Smart contracts fail to identify what could go wrong and stipulate remedies in advance. People input parameters and execution steps for smart contracts, leaving them to run and function autonomously (Khan et al. 2021). A key challenge occurs during implementation when non-technical parties identify issues in the off-chain resource. In Uber v. Heller, the claimant took time before realizing he and his fellow drivers are not included under Ontario’s Employment Standards Act (Harvard Law Review, 2021). However, the smart contract the parties entered with the company did not have an arbitration remedy for the lapse.

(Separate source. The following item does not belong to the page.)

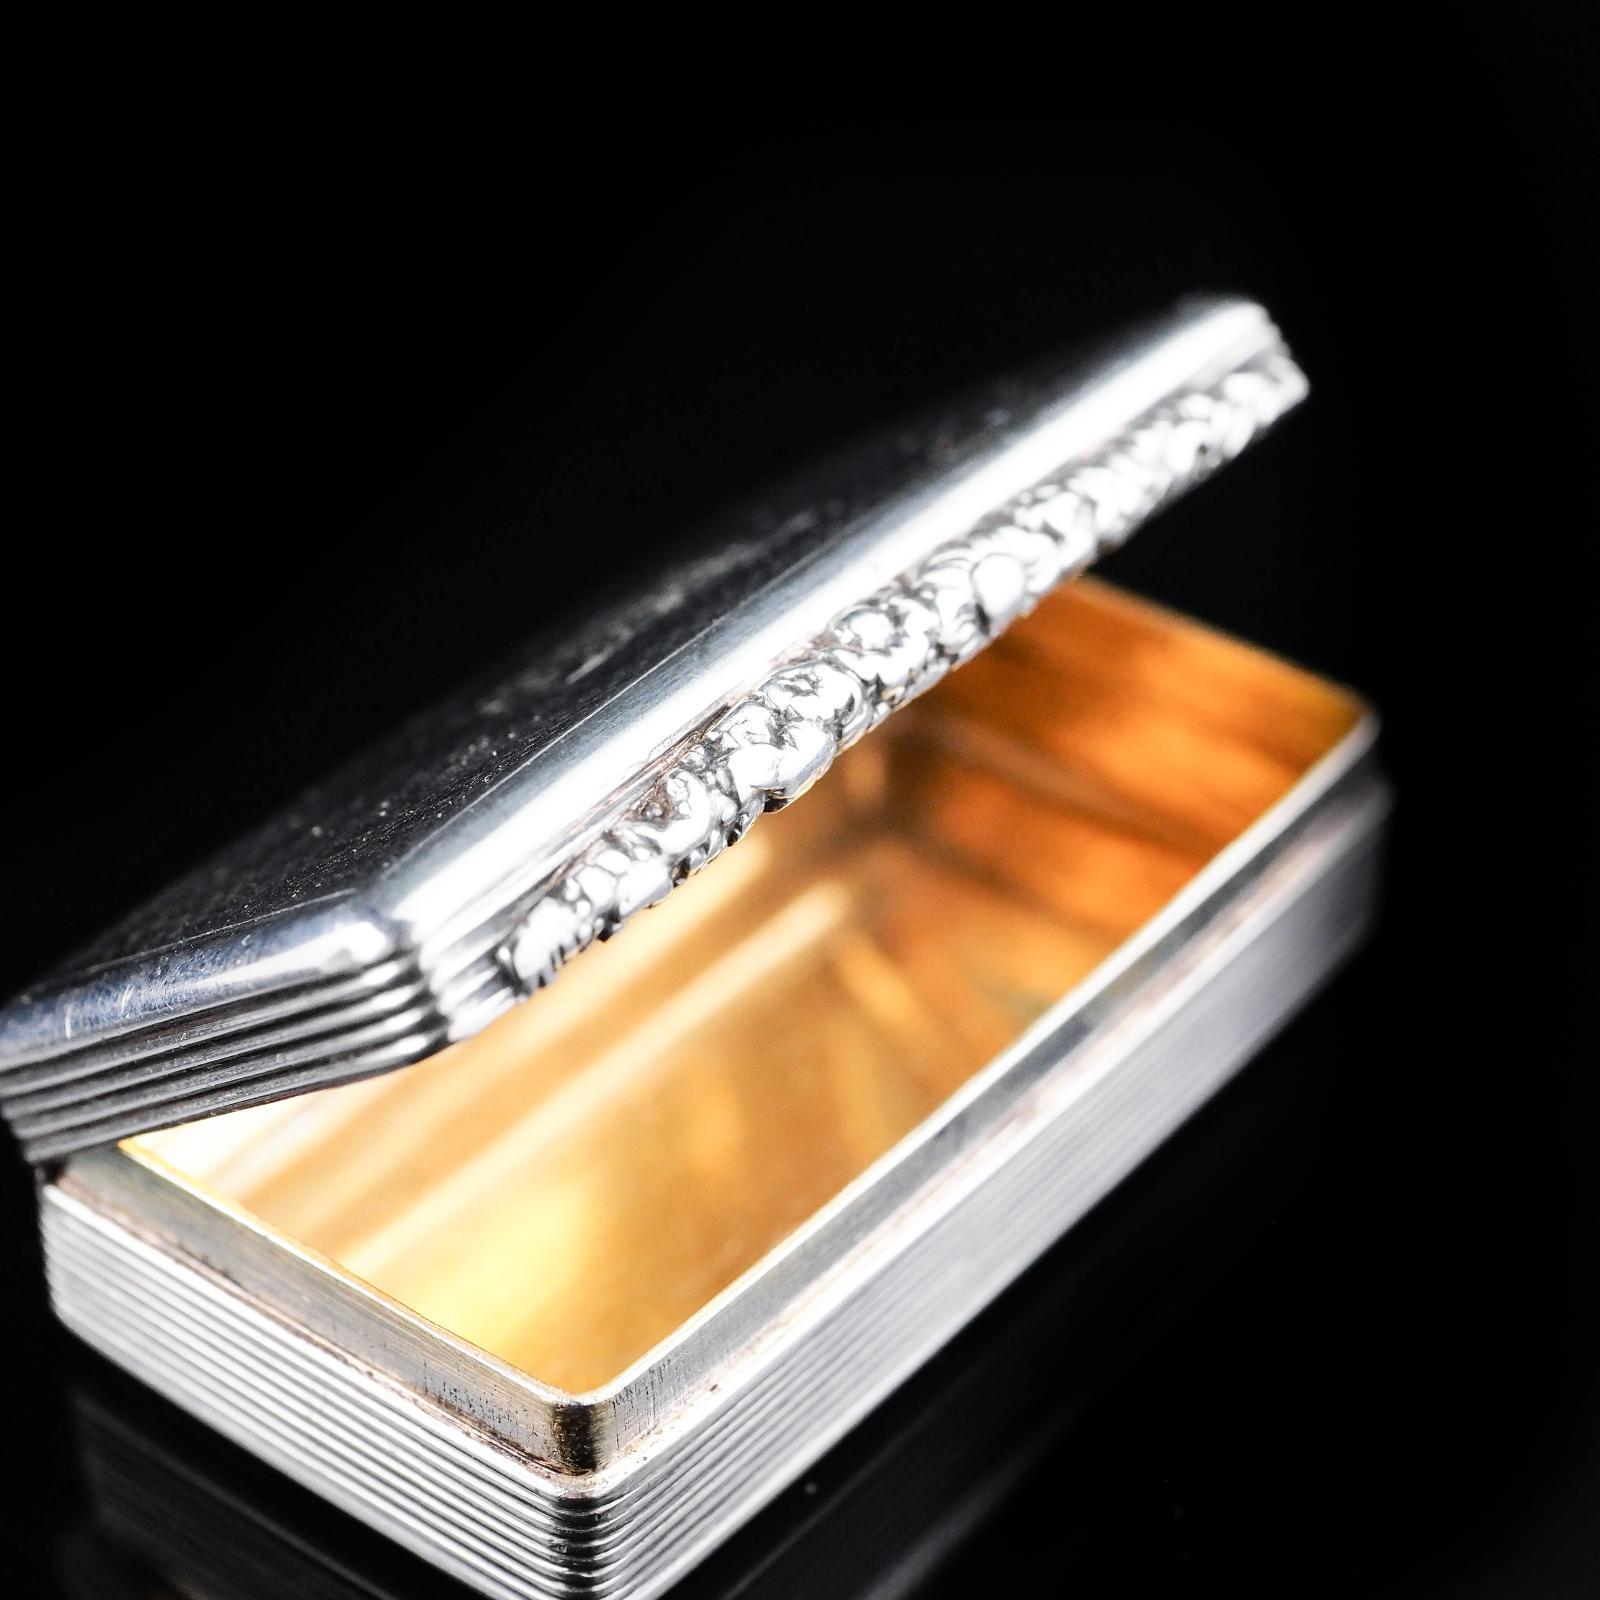 Silver Discreet Antique Original Silver Perfect Enamel Match Box Non-u.s. Silver

The contract had no provisions for dealing with unexpected issues. Smart contracts anticipated that everything would run smoothly despite not all business transactions being automatic. Smart contracts are cyclic in their code execution; hence they do not anticipate future problems.
Smart contracts remove the people element increasing the opportunities for issues to arise. According to Khan et al. (2021), smart contracts assume the role of intermediaries by automating exchanges, adding no value to a business transaction. In conventional financial agreements, intermediaries, such as banks, lawyers and accountants, add value by providing verification services, among other functions. In Uber v. Heller, there is no such verification process during contract formulation and interpretation. The lack of the people aspect explains why the claimant was not detail-oriented when entering into the agreement with Uber. Smart contracts self-draft, not providing contracting parties with an opportunity to go over the details to remove discrepancies (Khan et al. 2021). If Heller had access to information on Uber’s employment contract, it would have been clear he needed further accommodation.
Smart contracts will be of great utility in the modern world as business transactions become more remote and digitalized. The special form of agreement breaks out into the digital world, creating opportunities for decentralized finance. However, smart contracts will have to evolve and integrate aspects of traditional contracts to improve their applicability. At present, the reduced role of men and the capacity issue result in agreements where there is unequal bargaining power between parties. In addition, the automated function cannot anticipate future problems and provide remedies. Further research and policy modifications are required to effectively apply smart contracts in sophisticated commercial relationships. Unfortunately, the true evolution of smart contracts is bound to come from new paradigms that the legal and scholarly environments are yet to envision.

Cunningham, L. A. (2012). Contracts in the real world: Stories of popular contracts and why they matter. Cambridge University Press.
Eisenberg, M. (2018). Foundational principles of contract law. Oxford University Press.
Harvard Law Review. (2021, May 10). Uber Technologies Inc. v. Heller. Harvard Law Review,
Khan, S. N., Loukil, F., Ghedira-Guegan, C. & Hani, A. (2021). Blockchain smart contracts: Applications, challenges, and future trends. Peer-to-Peer Network Applications, 14, 2901–2925.
Prasad, K. (2011). Problems and solutions in civil law. Universal Law Publishing.
Zytko, D., Furlo, N., Carlin, B. & Archer, M. (2021). Computer-mediated consent to sex: The context of Tinder. PACM on Human-Computer Interaction, 5(189), 1-27.